Worship With Us!
- Holy Eucharist ~~ Every Sunday ~~ 9:30 am
- Holy Eucharist & Healing ~~ The First Wednesday of Each Month ~~ 12:00 pm
Our Sunday services are available online on our youtube channel. Everyone is invited and welcome to attend.
Special worship services, such as Easter, Ash Wednesday, Christmas, and others, are also available online. To watch ongoing and past worship services and other videos, please visit our YouTube channel.
About the Episcopal Church and What to Expect
(From the Website of The Episcopal Church USA)
Sunday is traditionally when Episcopalians gather for worship. The principal weekly worship service is the Holy Eucharist, known as The Lord’s Supper, Holy Communion, or Mass. In most Episcopal churches, worship is accompanied by hymns, and in some churches, much of the service is sung.
Worship Styles
Episcopalians worship in many different styles, from formal, ancient, and multi-sensory rites with lots of singing, music, fancy clothes (vestments), and incense to informal services with contemporary music. Yet all worship in the Episcopal church is based on the Book of Common Prayer, which gives worship a familiar feel, no matter where you go.
Liturgy and Ritual
Worship in an Episcopal church is said to be “liturgical,” meaning that the congregation follows service forms and prays from texts that don’t change significantly from week to week during a season of the year. This sameness from week to week gives worship a rhythm that becomes comforting and familiar to the worshipers.
For first-time visitors, the liturgy may be exhilarating or confusing. The services may involve standing, sitting, kneeling, sung or spoken responses, and other participatory elements that may challenge them. However, liturgical worship can be compared with a dance: once you learn the steps, you’ll appreciate the rhythm, and it becomes satisfying to dance repeatedly as the music changes.
The Holy Eucharist
Despite the diversity of worship styles in the Episcopal Church, the Holy Eucharist always has the same components and the same shape. All baptized Christians, regardless of age or denomination, are welcome to “receive communion.” Episcopalians invite all baptized people to receive, not because we take the Eucharist lightly but because we take our Baptism so seriously. Visitors who are not baptized Christians are welcome to come forward during communion to receive a blessing from the presider.
The Liturgy of the Word:
- We begin by praising God through a song and a prayer and then listen to as many as four readings from the Bible: usually one from the Old Testament, a Psalm, something from the Epistles, and (always) a reading from the Gospels.
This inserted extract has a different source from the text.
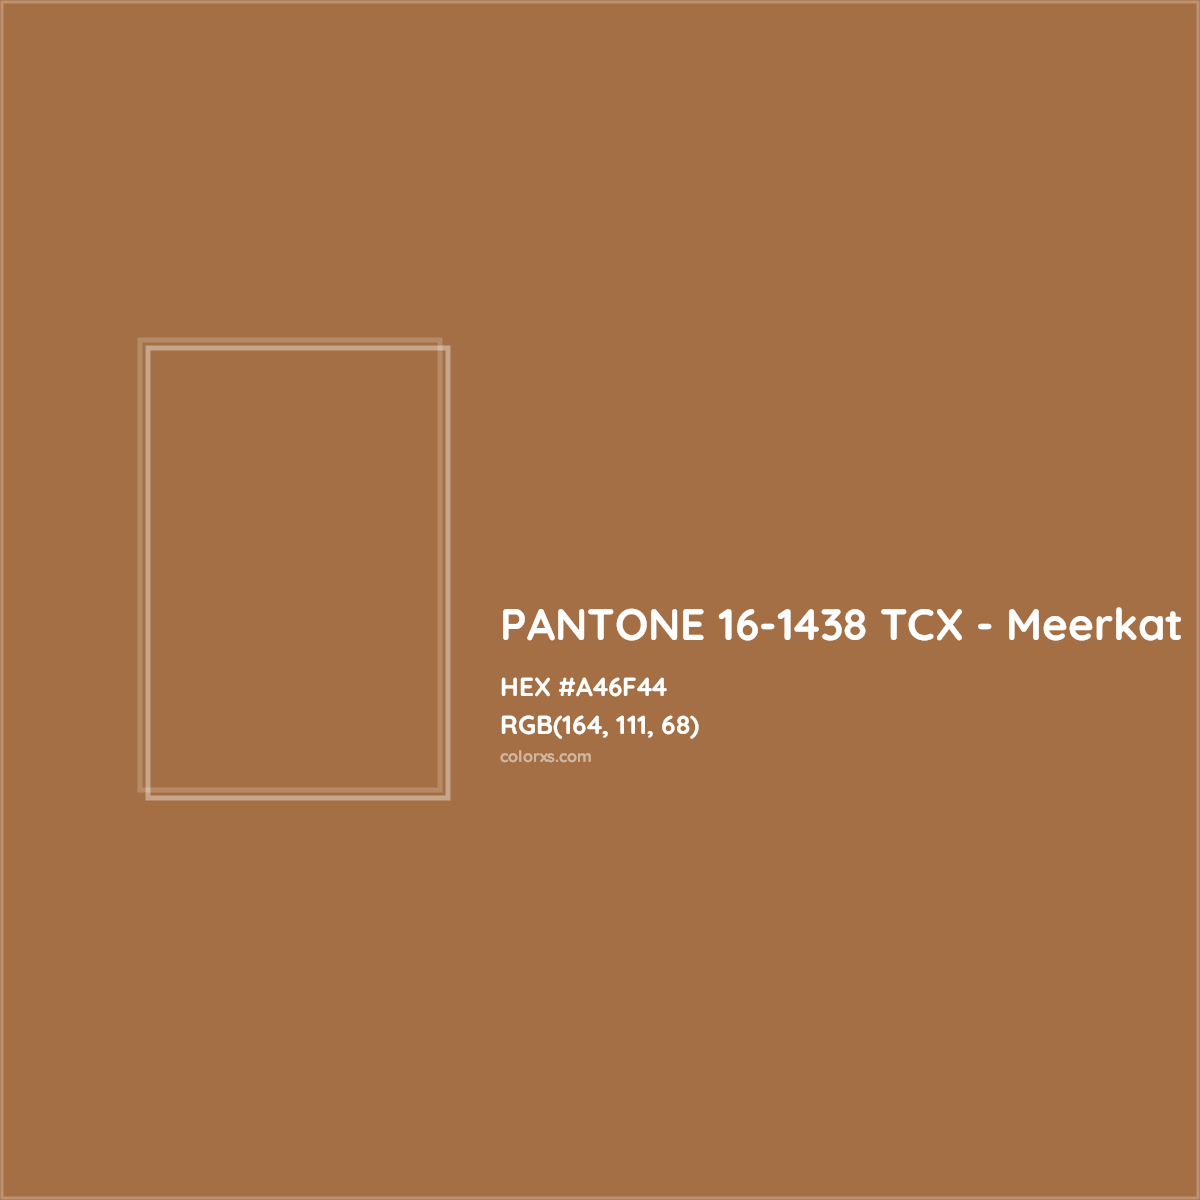 HEX #A46F44 PANTONE 16-1438 TCX - Meerkat CMS Pantone TCX - Color Code

The Psalm is usually sung or recited by the congregation.
- Next, a sermon interpreting the readings appointed for the day is preached.
- The congregation then recites the Nicene Creed, written in the Fourth Century, and the church’s statement of what we believe ever since.
- Next, the congregation prays for the church, the world, and those in need. We pray for the sick and thank God for all the good things in our lives, and finally, we pray for the dead. The presider (e.g., priest, bishop, lay minister) concludes with a prayer that gathers the petitions into a communal offering of intercession.
- In certain church year seasons, the congregation formally confesses their sins before God and one another. This is a corporate statement of what we have done and what we have left undone, followed by a pronouncement of absolution. In pronouncing absolution, the presider assures the congregation that God is always ready to forgive our sins.
- The congregation then greets one another with a sign of “peace.”
The Liturgy of the Table:
- After the Liturgy of the Word, the priest stands at the table, which has been set with a cup of wine and a plate of bread or wafers, raises their hands, and greets the congregation again, saying, “The Lord Be with You.” Now begins the Eucharistic Prayer, in which the presider tells the story of our faith, from the beginning of creation through choosing Israel to be God’s people, through our continual turning away from God, and God’s calling us to return.
- Then, the presider tells the story of Jesus Christ’s coming and the night before His death, on which he instituted the Eucharistic meal (communion) as a continual remembrance of Him.
- The presider blesses the bread and wine, and the congregation recites the Lord’s Prayer.
- Finally, the presider breaks the bread and offers it to the congregation as the “Gifts of God for the People of God.”
- The congregation then shares the consecrated bread and the wine. Sometimes, the people all come forward to receive the bread and wine; sometimes, they pass the elements around in other ways.